Welcome to the Pittsburgh Media Report, a regular feature on City of Champions. Read the previous edition.
Before I get started, thanks for all the well-wishes regarding last week’s post.
On with the show…
Pensblog co-editor Derek Rocco fired off a series of interesting tweets during Friday night’s Penguins game that got me thinking. Rocco, a.k.a. @TPBDerek, said that he thought listening to Paul Steigerwald and Bob Errey perform their broadcast duties on Root Sports could warp naive fans’ view of the team.

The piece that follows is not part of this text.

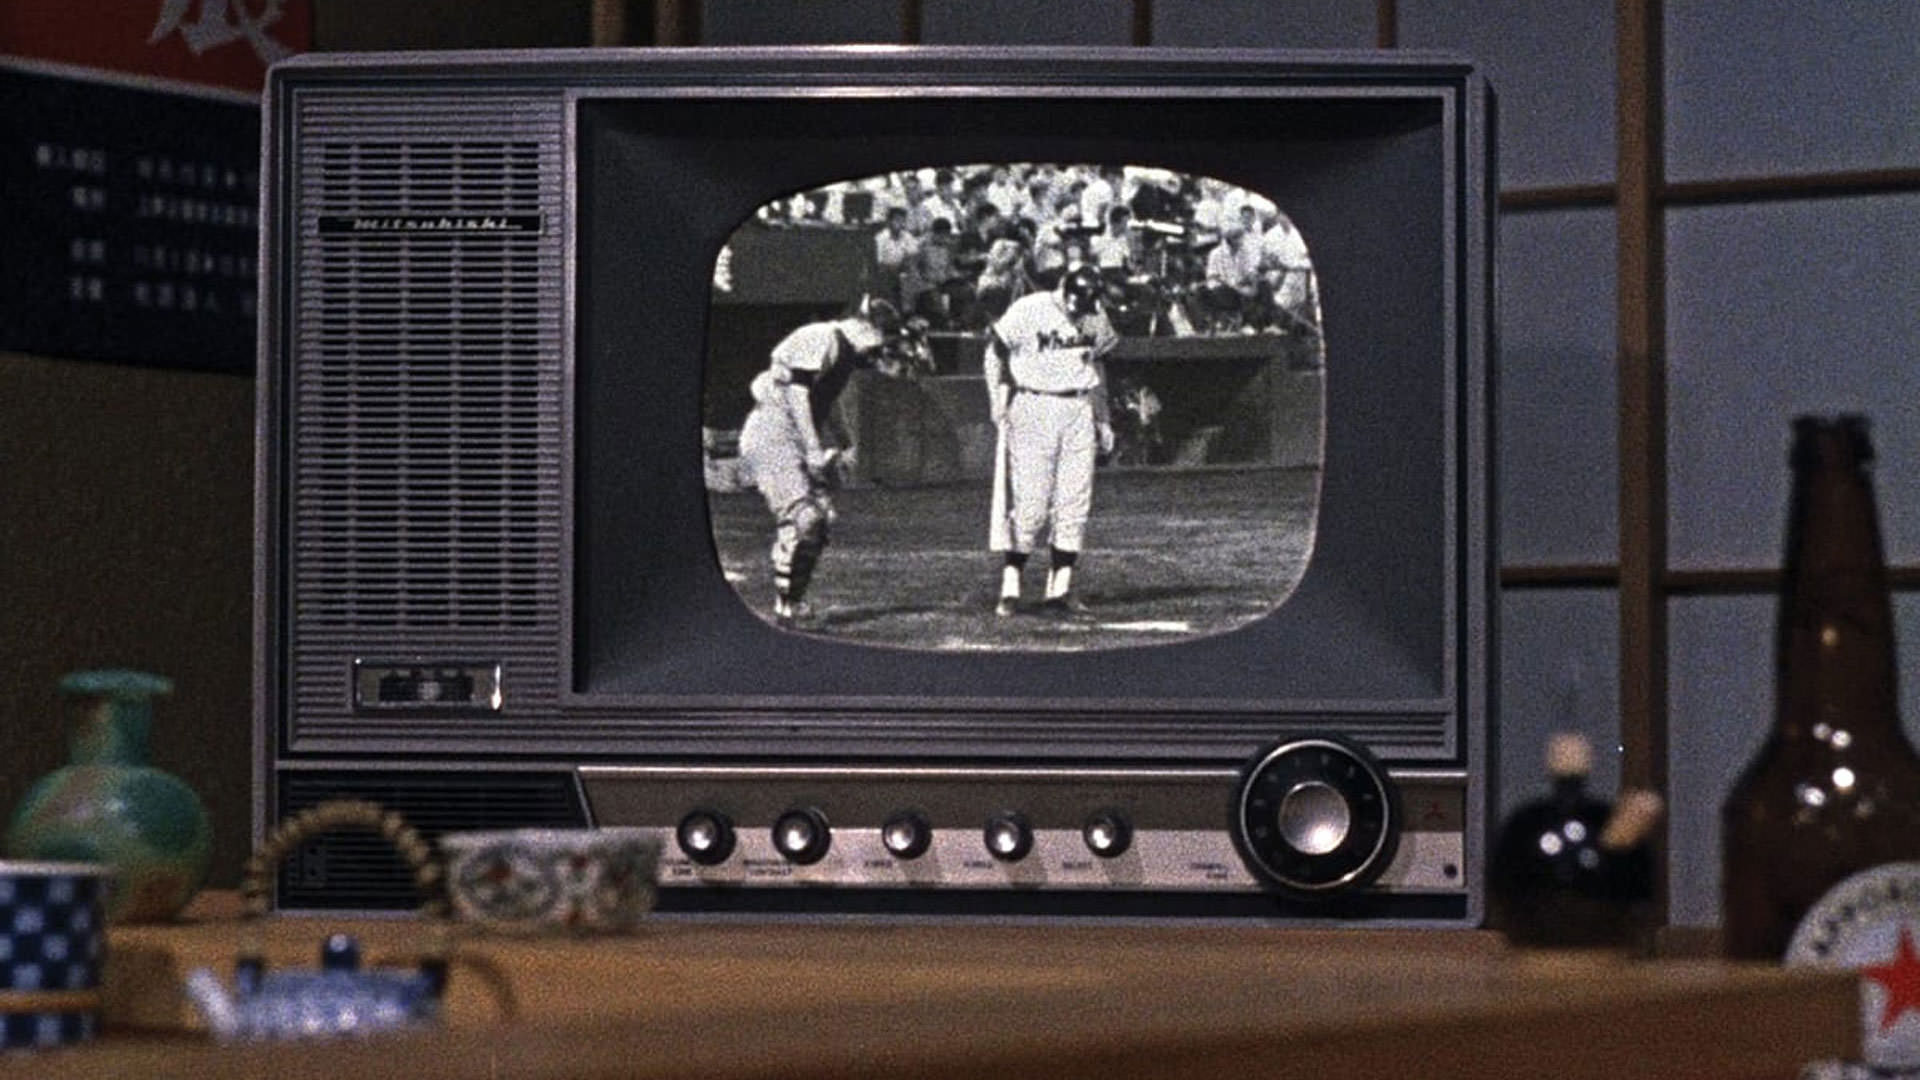 پخش زنده‌ی یک مسابقه‌ی بیسبال داخل یک تلویزیون در نمایی از فیلم یک بعدازظهر پاییزی به کارگردانی یاسوجیرو ازو

I for one am concerned that as time goes on the damage Paul Steigerwald and Bob Errey do to young and new hockey fans may be irreversible
— TPB Derek (@TPBderek) January 11, 2014
I agree with this, at least to some degree. Steigerwald and Errey are the voices of the Penguins for most people, despite Hockey Hall of Famer Mike Lange still doing his thing on the radio alongside analyst Phil Bourque. Considering the Pens’ remarkable local TV ratings, Root Sports dictates the agenda when it comes to game broadcasts.
It’s evident Steigerwald and Errey gloss over the Penguins’ errors more than their radio counterparts, and part of that difference may be attributed to Root Sports management. Since the brand change from FSN Pittsburgh to Root, it feels like the broadcasts are more partisan than they used to be.
Not that we should expect a team’s media partners to function completely objectively, but the primary job of any broadcaster is to report the action accurately. There’s never any doubt that Lange is playing it straight, a reputation he’s earned in four decades of expert work. His legendary status was built on much more than fun catch phrases, which any longtime listener would be able to tell you.
Steigerwald’s call is (usually) competent, but his delivery has a little too much marketing sheen for my taste. The Penguins and their stars are plenty good enough to let their play stand on its own merit, a fact the Root broadcast doesn’t jive with. (This is not to impeach the work of reporter Dan Potash, host Rob King and studio analyst Jay Caufield, all of whom I hold in high regard.)
For that matter, I don’t share Rocco’s views on Errey. Can he get carried away defending or lauding the Pens? Yes, but he’s entertaining while doing it. I can forgive a lot of ills if a broadcaster makes me laugh. Also, I think Errey’s ability to describe why certain things happen on the ice is very good, which is essentially why has the job.
Nevertheless, Root’s rooting tendencies do have an affect on all of us, even if we believe ourselves impervious to outside influences. It’s easier to get along than disagree, so some newer Penguins fans probably think the hockey world revolves around the flightless fowl more than it actually does.
That mentality is good for the franchise’s health and its continued growth in popularity, but it doesn’t make for better hockey fans. As much as that may bother some of us, it’s a trade the Penguins and Root are willing to make.